Problem to solve
Reproduce exactly the lines of the material beneath, from the line that contains "A YU-GI-OH DARK MAGICIAN CARD - RKT GRADED 9" to the line that contains "LeVian 14K White", both included, and no other lines.
=== Provided data ===
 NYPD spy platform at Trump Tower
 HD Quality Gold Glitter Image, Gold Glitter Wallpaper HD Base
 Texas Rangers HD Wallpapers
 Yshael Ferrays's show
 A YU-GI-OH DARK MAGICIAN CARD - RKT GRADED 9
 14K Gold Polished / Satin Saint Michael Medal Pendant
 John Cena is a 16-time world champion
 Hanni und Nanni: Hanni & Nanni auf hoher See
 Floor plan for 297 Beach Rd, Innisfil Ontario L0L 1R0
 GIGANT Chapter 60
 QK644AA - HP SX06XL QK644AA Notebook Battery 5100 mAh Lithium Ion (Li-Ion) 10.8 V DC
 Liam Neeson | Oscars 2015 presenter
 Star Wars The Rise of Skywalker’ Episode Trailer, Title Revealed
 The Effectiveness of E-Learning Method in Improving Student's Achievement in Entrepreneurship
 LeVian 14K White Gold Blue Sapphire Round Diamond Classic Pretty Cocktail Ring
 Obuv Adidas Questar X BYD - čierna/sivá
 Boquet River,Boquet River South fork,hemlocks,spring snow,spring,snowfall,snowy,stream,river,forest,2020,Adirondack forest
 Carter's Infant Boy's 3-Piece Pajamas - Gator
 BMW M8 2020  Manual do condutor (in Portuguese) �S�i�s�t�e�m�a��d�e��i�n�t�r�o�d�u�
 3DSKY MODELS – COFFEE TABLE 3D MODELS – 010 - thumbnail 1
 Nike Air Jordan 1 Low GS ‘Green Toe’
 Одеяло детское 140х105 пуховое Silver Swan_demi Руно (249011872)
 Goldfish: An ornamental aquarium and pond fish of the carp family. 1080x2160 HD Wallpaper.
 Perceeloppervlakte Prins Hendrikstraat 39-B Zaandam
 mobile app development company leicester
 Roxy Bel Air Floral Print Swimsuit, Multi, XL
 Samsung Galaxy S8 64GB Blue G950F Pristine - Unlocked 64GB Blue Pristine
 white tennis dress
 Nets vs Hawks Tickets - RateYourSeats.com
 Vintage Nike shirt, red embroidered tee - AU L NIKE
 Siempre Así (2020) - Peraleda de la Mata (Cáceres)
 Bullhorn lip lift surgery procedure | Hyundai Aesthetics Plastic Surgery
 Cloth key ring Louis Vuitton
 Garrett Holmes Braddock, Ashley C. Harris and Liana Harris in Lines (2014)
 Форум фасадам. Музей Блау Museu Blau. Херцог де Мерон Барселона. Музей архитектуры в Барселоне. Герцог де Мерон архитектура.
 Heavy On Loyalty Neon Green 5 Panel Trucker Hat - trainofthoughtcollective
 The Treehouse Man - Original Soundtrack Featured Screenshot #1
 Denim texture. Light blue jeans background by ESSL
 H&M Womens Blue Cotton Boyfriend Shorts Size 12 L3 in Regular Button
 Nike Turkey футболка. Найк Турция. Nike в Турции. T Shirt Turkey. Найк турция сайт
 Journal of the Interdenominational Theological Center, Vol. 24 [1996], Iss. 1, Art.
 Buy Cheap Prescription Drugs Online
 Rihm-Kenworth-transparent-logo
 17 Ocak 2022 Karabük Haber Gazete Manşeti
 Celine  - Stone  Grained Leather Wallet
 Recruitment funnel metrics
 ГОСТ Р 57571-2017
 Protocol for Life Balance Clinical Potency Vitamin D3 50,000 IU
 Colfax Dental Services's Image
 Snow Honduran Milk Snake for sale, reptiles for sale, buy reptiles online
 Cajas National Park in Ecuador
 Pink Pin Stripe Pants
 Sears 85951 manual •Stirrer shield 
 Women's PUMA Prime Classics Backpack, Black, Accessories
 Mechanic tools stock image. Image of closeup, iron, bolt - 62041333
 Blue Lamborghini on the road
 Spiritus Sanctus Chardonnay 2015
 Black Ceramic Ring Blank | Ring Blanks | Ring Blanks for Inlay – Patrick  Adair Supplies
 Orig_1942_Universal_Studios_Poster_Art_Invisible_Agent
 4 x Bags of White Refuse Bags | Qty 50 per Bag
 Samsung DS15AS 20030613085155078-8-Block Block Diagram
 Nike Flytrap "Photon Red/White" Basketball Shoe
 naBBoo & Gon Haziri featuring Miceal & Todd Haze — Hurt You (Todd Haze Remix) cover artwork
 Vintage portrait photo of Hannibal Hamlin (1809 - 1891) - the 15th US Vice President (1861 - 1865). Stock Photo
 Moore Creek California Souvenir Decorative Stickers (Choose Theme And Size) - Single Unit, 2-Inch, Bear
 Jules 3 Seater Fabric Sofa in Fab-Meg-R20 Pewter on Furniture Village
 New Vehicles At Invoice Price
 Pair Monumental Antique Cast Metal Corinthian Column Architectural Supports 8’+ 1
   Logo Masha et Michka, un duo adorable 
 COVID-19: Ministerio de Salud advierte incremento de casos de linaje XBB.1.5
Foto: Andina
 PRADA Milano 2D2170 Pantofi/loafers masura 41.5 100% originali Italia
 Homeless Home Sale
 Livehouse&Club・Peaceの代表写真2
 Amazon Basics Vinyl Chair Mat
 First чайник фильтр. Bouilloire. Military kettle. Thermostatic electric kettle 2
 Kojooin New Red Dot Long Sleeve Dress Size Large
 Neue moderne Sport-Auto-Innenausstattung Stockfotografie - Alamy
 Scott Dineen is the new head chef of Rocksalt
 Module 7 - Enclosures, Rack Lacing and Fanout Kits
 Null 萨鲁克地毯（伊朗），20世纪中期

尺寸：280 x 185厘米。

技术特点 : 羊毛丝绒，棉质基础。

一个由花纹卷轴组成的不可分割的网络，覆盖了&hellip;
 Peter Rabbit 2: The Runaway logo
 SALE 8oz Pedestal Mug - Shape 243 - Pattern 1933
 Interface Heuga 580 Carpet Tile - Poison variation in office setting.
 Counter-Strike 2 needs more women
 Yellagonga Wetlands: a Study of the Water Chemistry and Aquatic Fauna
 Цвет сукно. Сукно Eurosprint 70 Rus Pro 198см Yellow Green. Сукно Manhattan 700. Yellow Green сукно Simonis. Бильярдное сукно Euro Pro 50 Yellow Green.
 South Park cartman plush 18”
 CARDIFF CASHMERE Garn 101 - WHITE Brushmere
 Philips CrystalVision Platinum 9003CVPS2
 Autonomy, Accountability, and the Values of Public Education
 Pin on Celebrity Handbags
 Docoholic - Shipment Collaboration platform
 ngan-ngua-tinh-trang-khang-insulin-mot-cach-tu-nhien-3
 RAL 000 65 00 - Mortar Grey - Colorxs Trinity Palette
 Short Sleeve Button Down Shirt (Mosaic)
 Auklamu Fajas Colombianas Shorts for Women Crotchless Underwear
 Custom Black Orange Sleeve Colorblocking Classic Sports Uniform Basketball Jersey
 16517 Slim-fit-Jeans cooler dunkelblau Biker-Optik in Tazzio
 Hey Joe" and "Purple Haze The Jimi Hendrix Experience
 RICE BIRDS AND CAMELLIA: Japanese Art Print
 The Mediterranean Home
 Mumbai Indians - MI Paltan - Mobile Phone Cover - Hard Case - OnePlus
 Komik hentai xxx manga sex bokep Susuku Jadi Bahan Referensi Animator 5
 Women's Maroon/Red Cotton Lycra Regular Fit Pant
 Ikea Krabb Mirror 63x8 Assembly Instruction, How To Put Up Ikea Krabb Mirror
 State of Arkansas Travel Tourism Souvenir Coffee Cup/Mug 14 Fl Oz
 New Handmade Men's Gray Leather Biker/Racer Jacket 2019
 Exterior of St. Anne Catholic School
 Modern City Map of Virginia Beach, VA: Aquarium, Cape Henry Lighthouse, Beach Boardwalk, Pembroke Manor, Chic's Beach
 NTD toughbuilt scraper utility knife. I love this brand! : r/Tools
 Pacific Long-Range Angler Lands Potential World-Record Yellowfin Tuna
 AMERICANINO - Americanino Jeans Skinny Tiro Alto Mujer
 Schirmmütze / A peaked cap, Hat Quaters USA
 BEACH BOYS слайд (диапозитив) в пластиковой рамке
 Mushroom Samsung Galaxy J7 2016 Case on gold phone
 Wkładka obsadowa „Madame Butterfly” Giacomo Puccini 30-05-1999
===
Response area
 A YU-GI-OH DARK MAGICIAN CARD - RKT GRADED 9
 14K Gold Polished / Satin Saint Michael Medal Pendant
 John Cena is a 16-time world champion
 Hanni und Nanni: Hanni & Nanni auf hoher See
 Floor plan for 297 Beach Rd, Innisfil Ontario L0L 1R0
 GIGANT Chapter 60
 QK644AA - HP SX06XL QK644AA Notebook Battery 5100 mAh Lithium Ion (Li-Ion) 10.8 V DC
 Liam Neeson | Oscars 2015 presenter
 Star Wars The Rise of Skywalker’ Episode Trailer, Title Revealed
 The Effectiveness of E-Learning Method in Improving Student's Achievement in Entrepreneurship
 LeVian 14K White Gold Blue Sapphire Round Diamond Classic Pretty Cocktail Ring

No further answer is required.